GIVEN DATA Start Marker

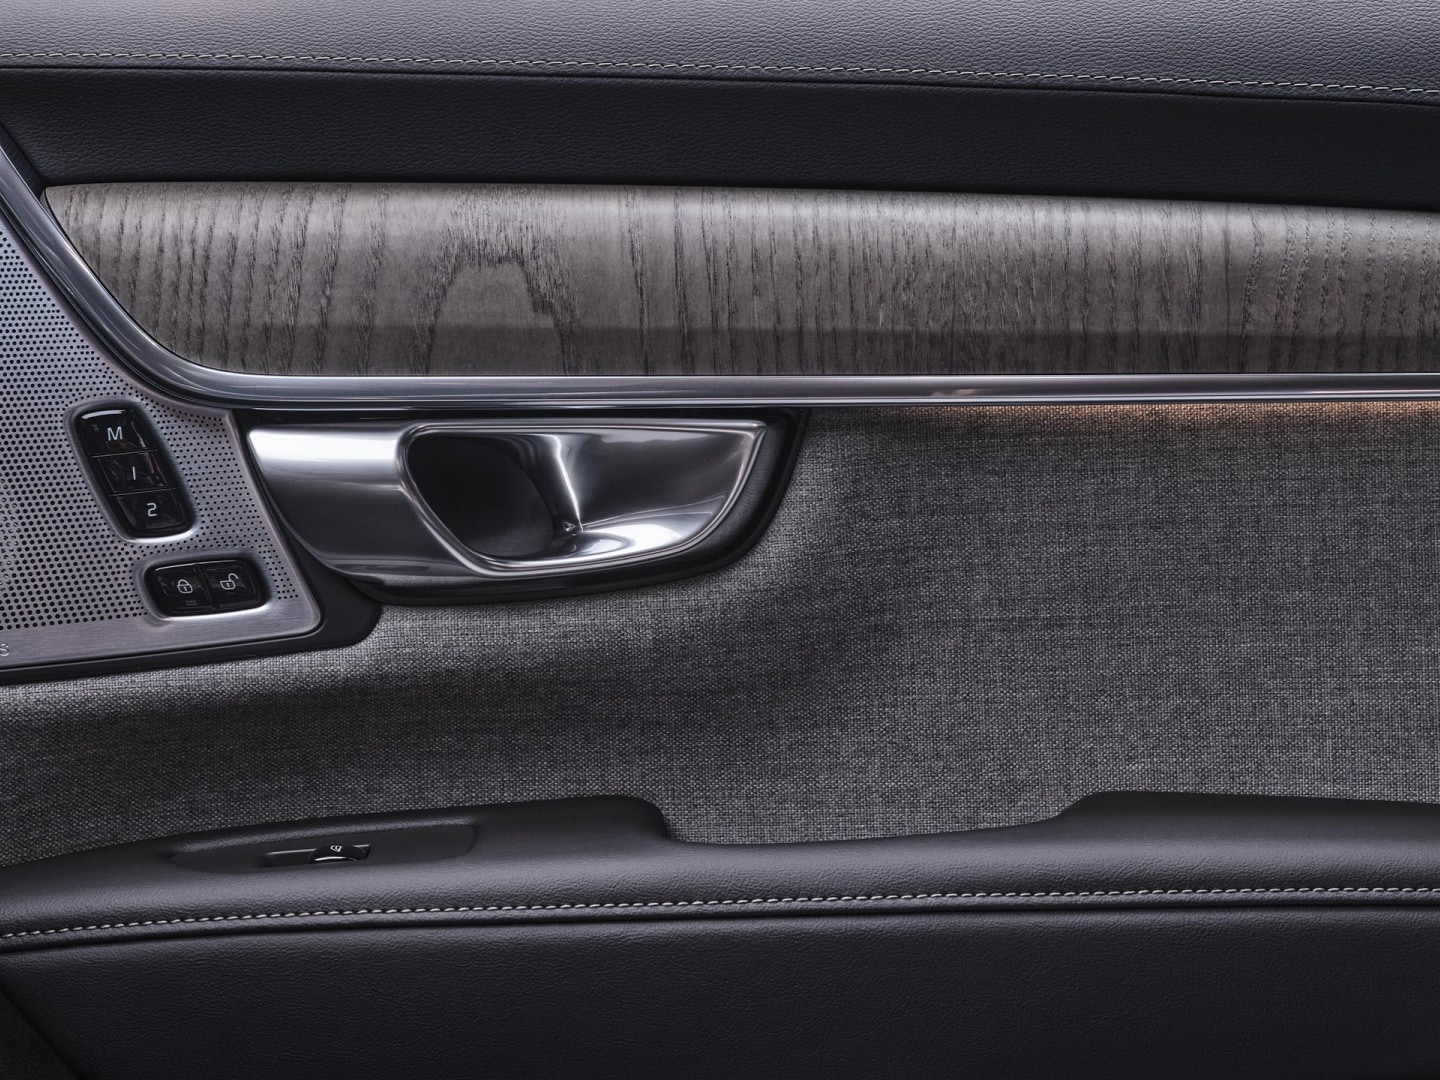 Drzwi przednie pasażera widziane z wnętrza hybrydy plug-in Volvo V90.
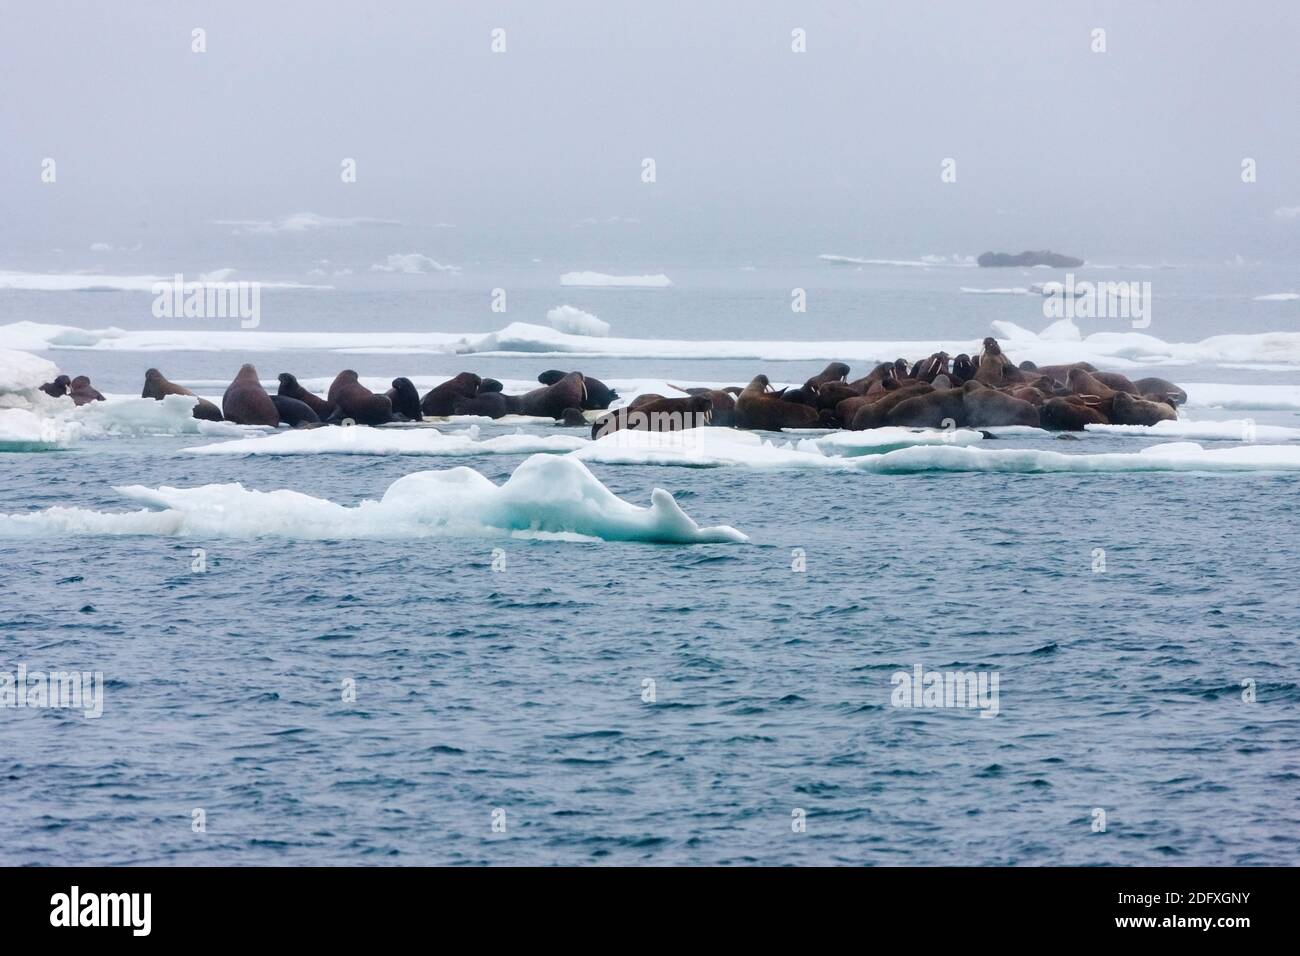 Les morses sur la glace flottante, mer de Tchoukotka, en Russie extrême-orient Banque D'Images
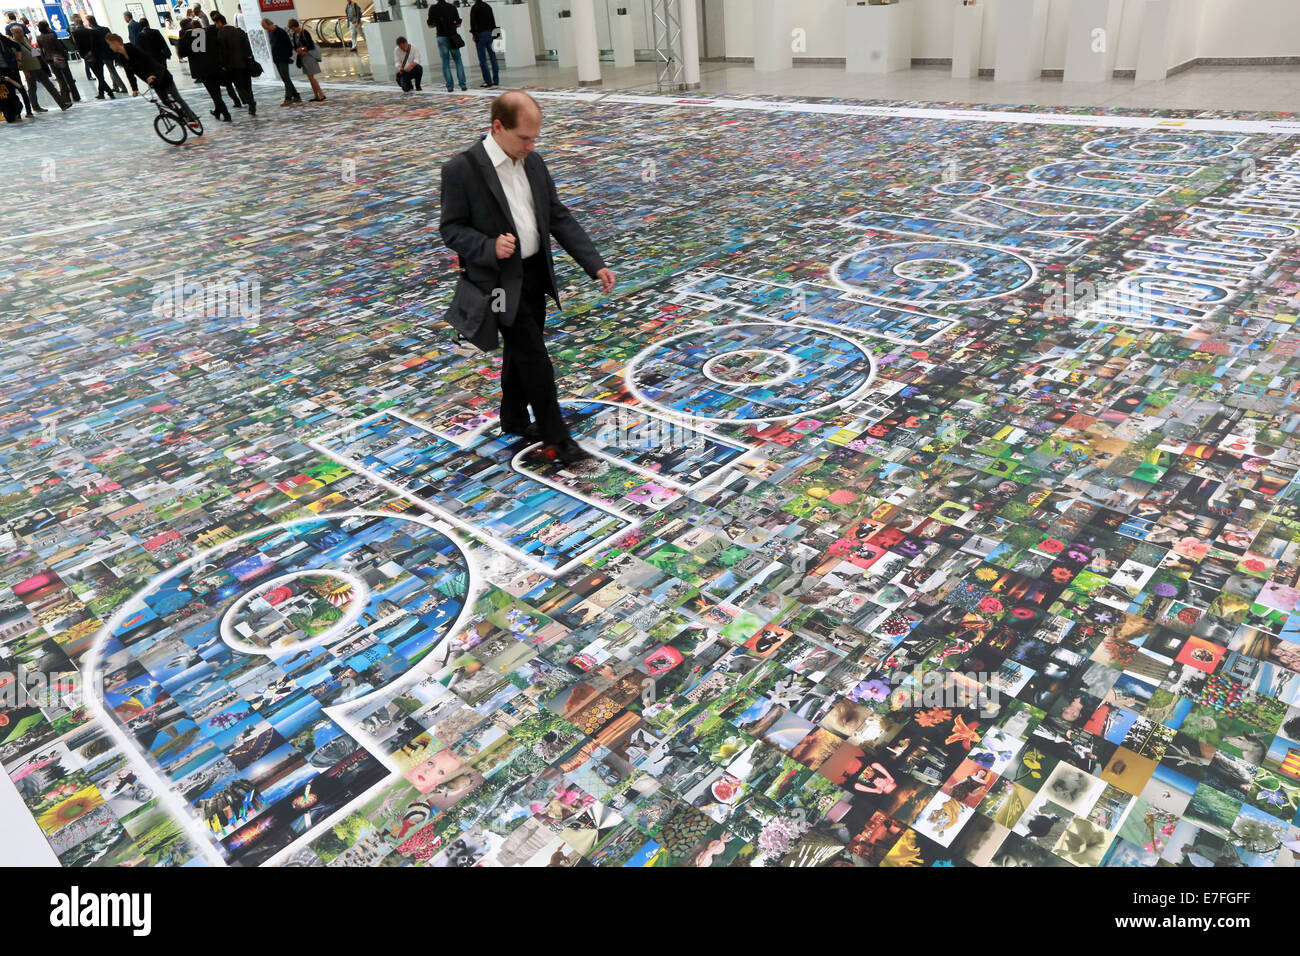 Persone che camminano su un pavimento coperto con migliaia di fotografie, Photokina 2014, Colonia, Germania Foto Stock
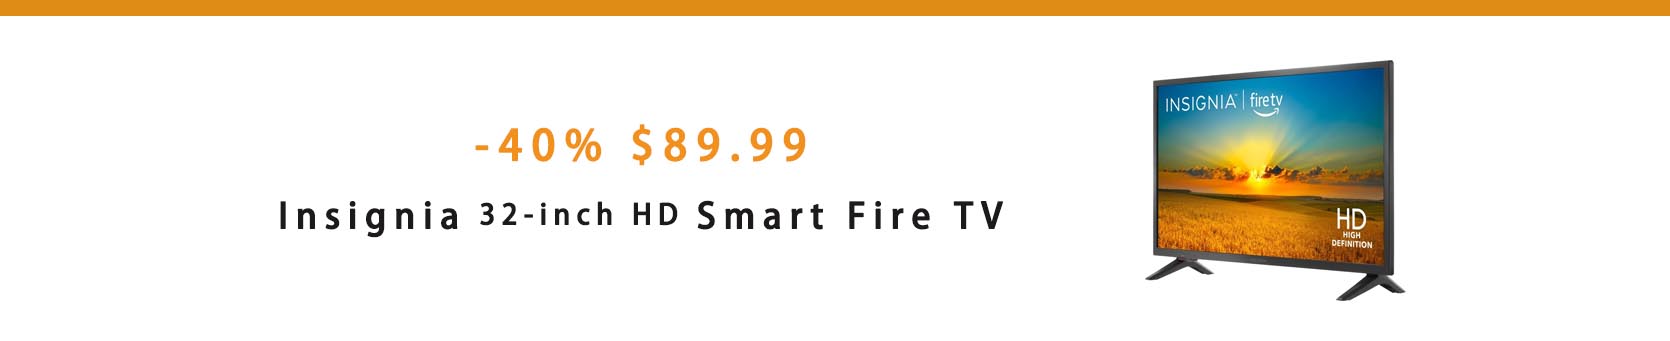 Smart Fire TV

GIVEN DATA End Marker

- **YOUR ASSIGNMENT**:
Give back the material above exactly as it appears, minus any picture.

- **EXERCISE ANSWER**:
 Drzwi przednie pasażera widziane z wnętrza hybrydy plug-in Volvo V90.
 Les morses sur la glace flottante, mer de Tchoukotka, en Russie extrême-orient Banque D'Images
 Persone che camminano su un pavimento coperto con migliaia di fotografie, Photokina 2014, Colonia, Germania Foto Stock
 Smart Fire TV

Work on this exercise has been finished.